# SVR4 emulation on FreeBSD



## mghis (Mar 25, 2010)

Hello to all!
I have to emulate the old System V Release 4 on my FreeBSD system. I have all (30!!) floppies, but I don't know how to emulate it. I worked only with Vmare and System V doesn't work on it. How can I try with qemu or bochs? Are there other emulators that can work with System V?

I appreciate all answers!!


----------



## SirDice (Mar 25, 2010)

I have no experience with SVR4 but as far as I know you don't need to have a 'full' working installation. You also don't need an emulator or virtual machine. See svr4(4) for information.


----------



## mghis (Mar 25, 2010)

Thank you, but I don't need the binaries compatibility.
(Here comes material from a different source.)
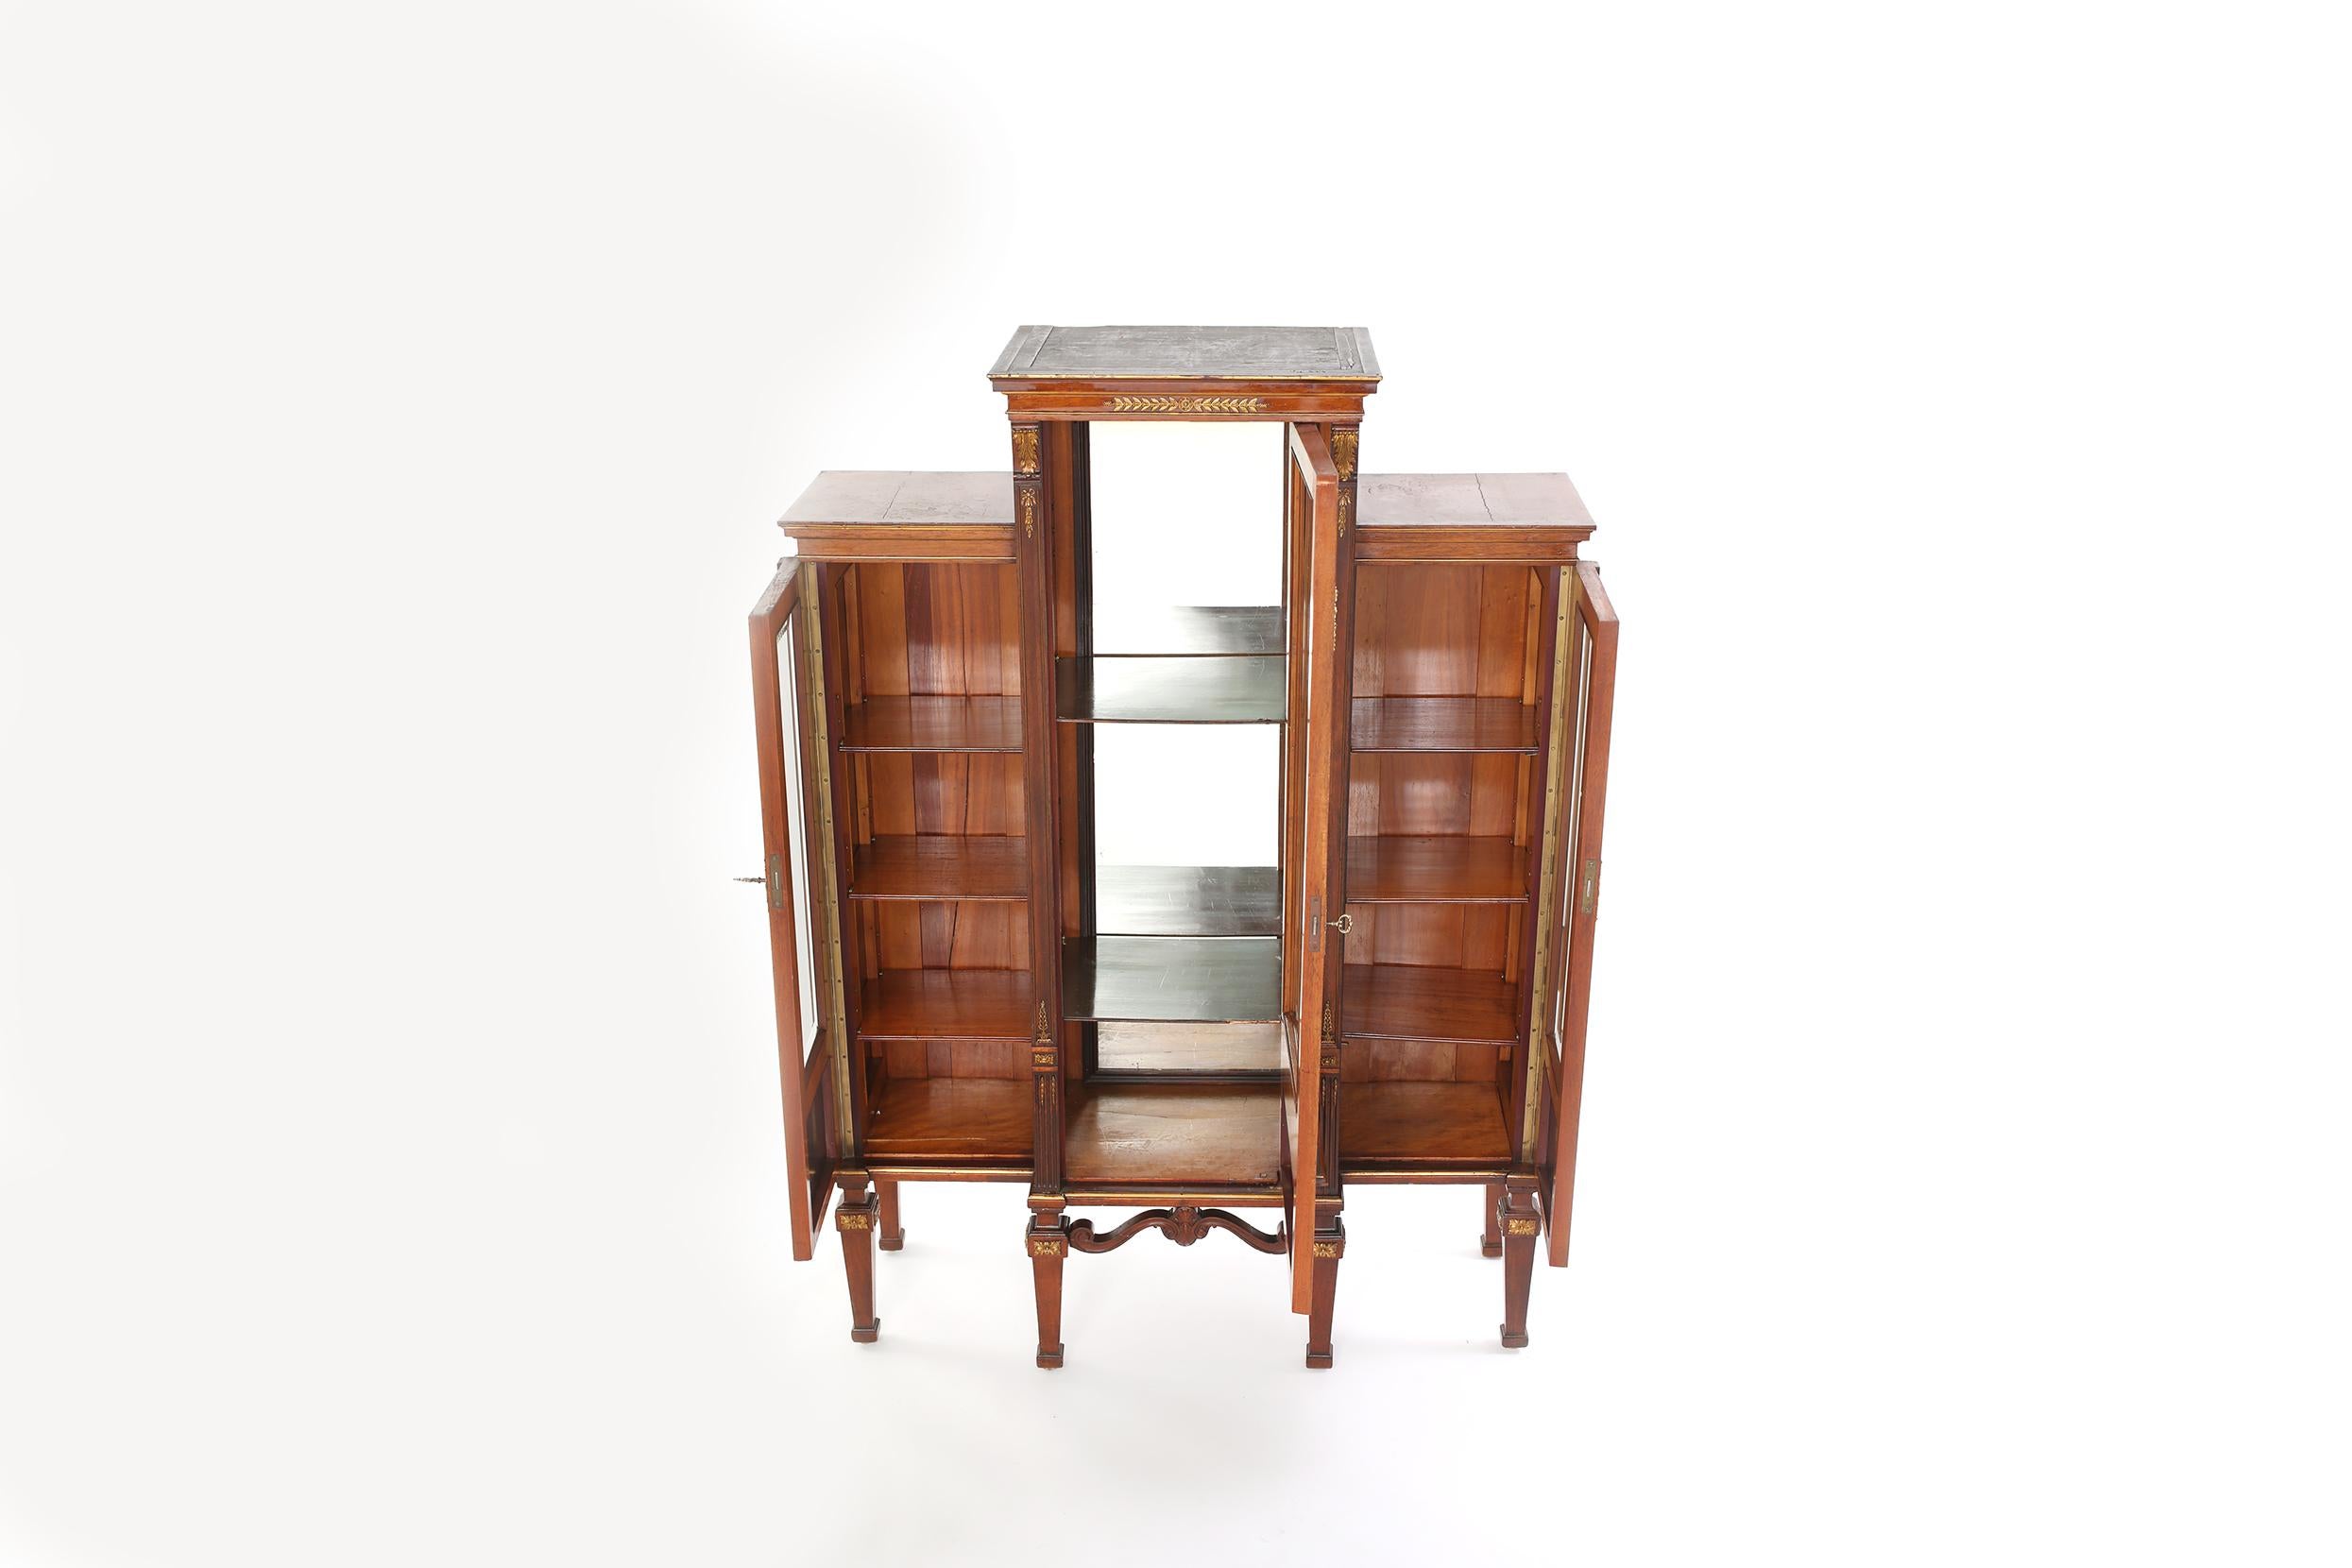 Early 19th century mahogany wood three part French display china cabinet with interior mirrored details. The display cabinet is in good antique condition with age / use appropriate wear. The piece stand about 63 inches high x 43.5 inches wide x 17
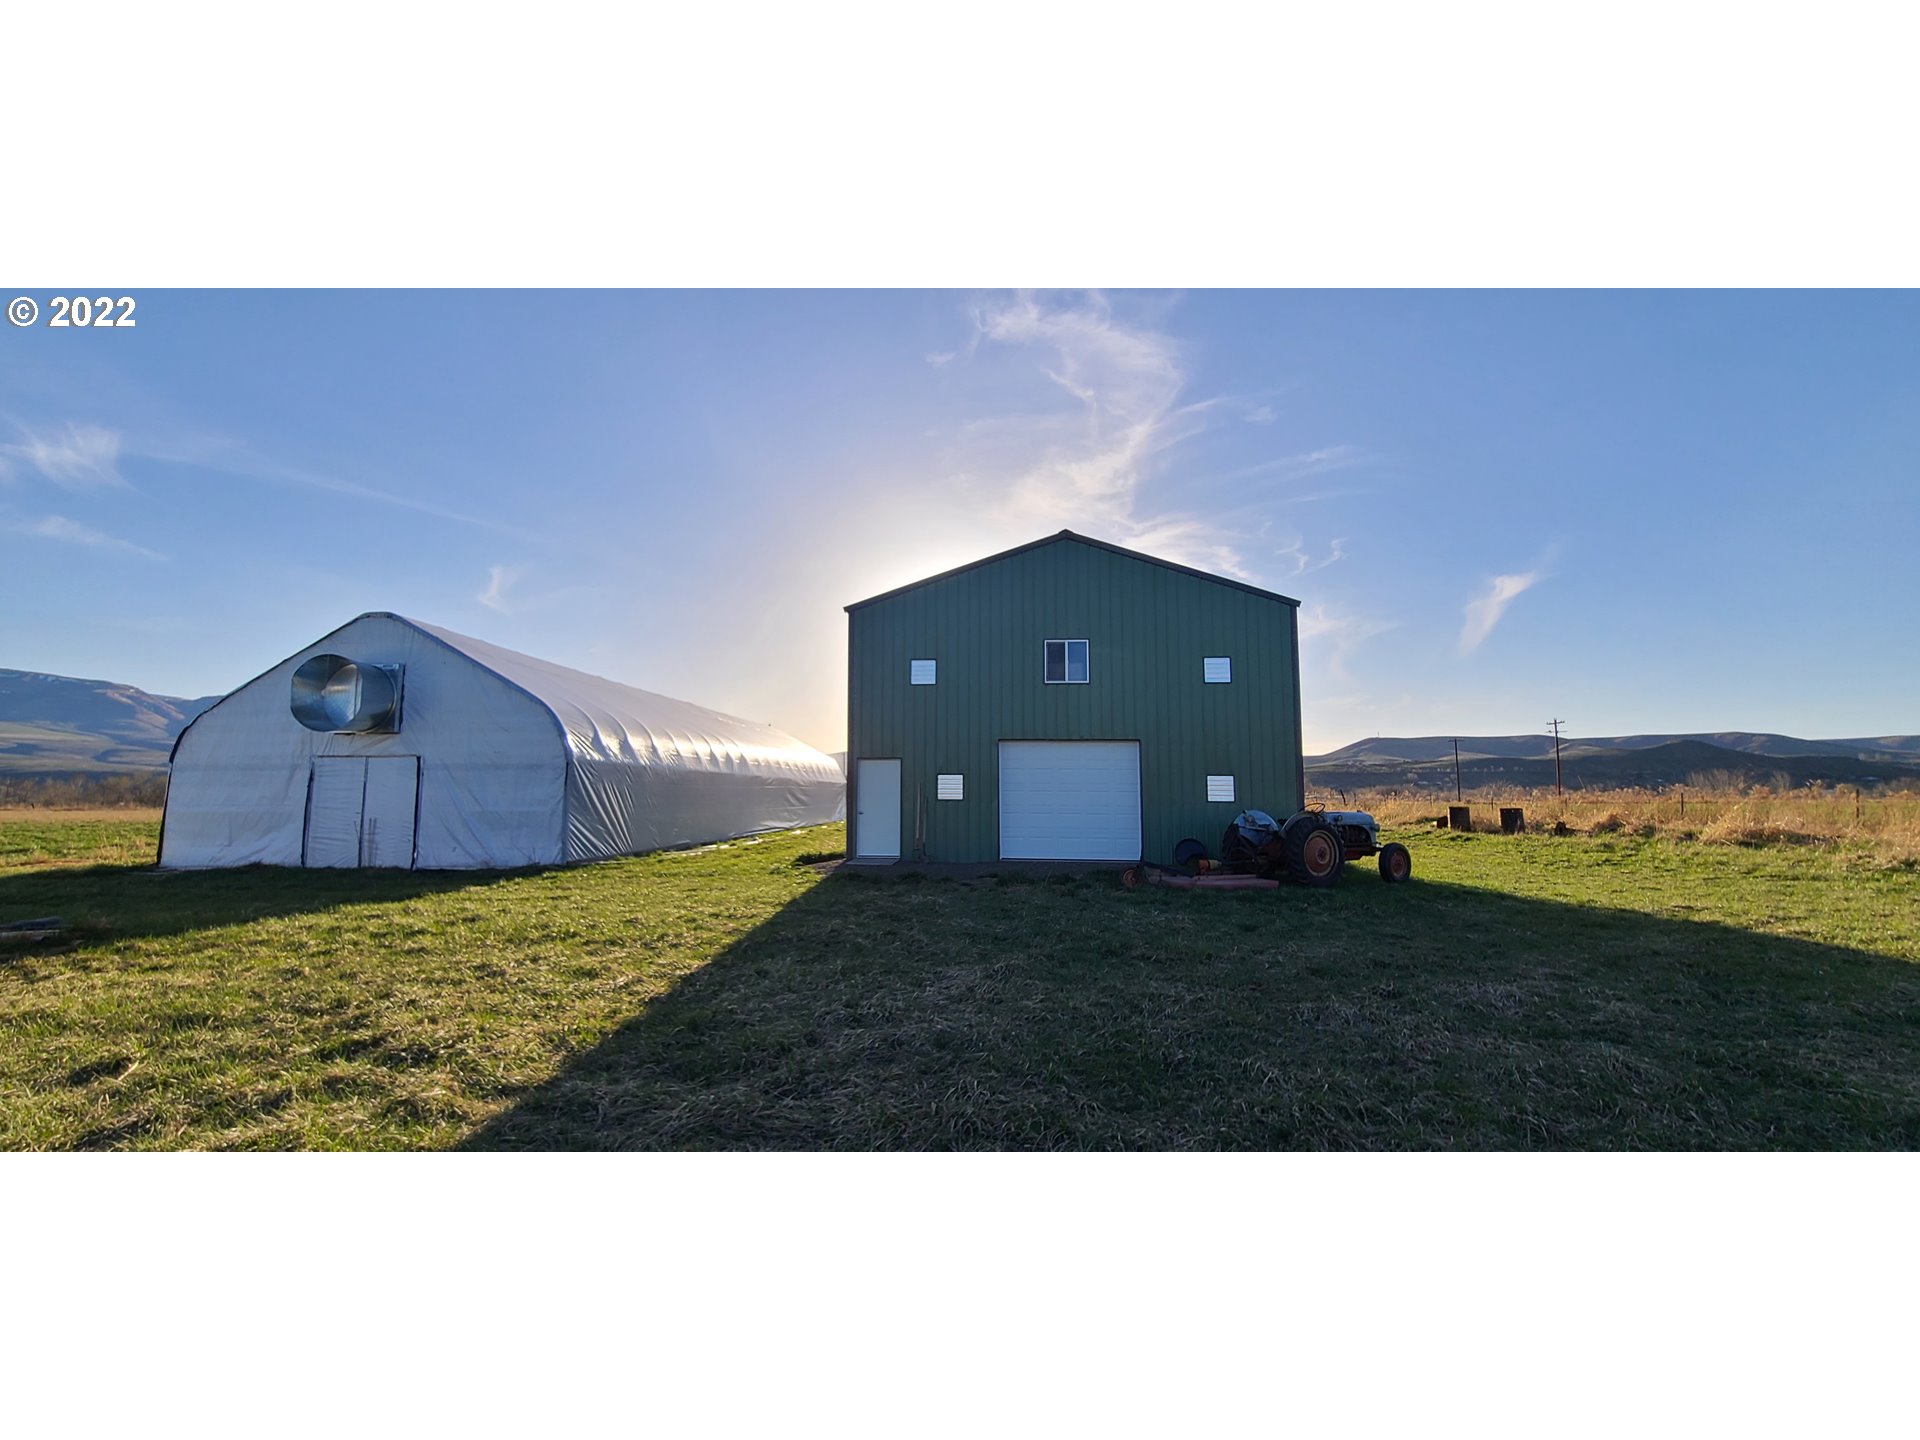 Rare 5 acre+/-irrigated buildable acreage outside of Richland w/ 30x36 two story shop with 10' over hang for covered RV parking. 100 amp elect service.  Electric installed in fully insulated shop. 100x30 vented green house with clear & shade covers. Panorama views in the heart of recreation paradise. Convert 2nd story into living quarters and have shop/garage below or have awesome shop and rec. vehicle storage. Or build. Come and enjoy the abundance our community has to offer.

I'd like to have the real system, not a compatibility, because I want to familiarize with that OS before install it on an OLD 
pc that doesn't work with FreeBSD. I want to use this old pc as a terminal. . .

Ps: excuse me, I didn't explain my propouses on the first post.


----------



## SirDice (Mar 25, 2010)

Ah.. I see. 

Are you sure it's for Intel? 
If that's the case I would probably just stick disk 1 in that PC and familiarize myself on the go.
You're bound to reinstall it a couple of times anyway


----------



## gordon@ (Mar 26, 2010)

It's really gonna suck when you discover that disc 30 of 30 has a read error on it. =)


----------



## mghis (Mar 26, 2010)

*It works!*



			
				SirDice said:
			
		

> Ah.. I see.
> 
> Are you sure it's for Intel?
> If that's the case I would probably just stick disk 1 in that PC and familiarize myself on the go.
> You're bound to reinstall it a couple of times anyway



Yes, it's for i386 CPU.
I tried on my PC. It seems that SVR4 works quite good... It's a very basic installation, the only editor that I have is 'ed' . . . but it runs.

Thank you for the answer.

Ps: My question is quite off-topic, but do you know any site/pdf file that explains SVR4?


----------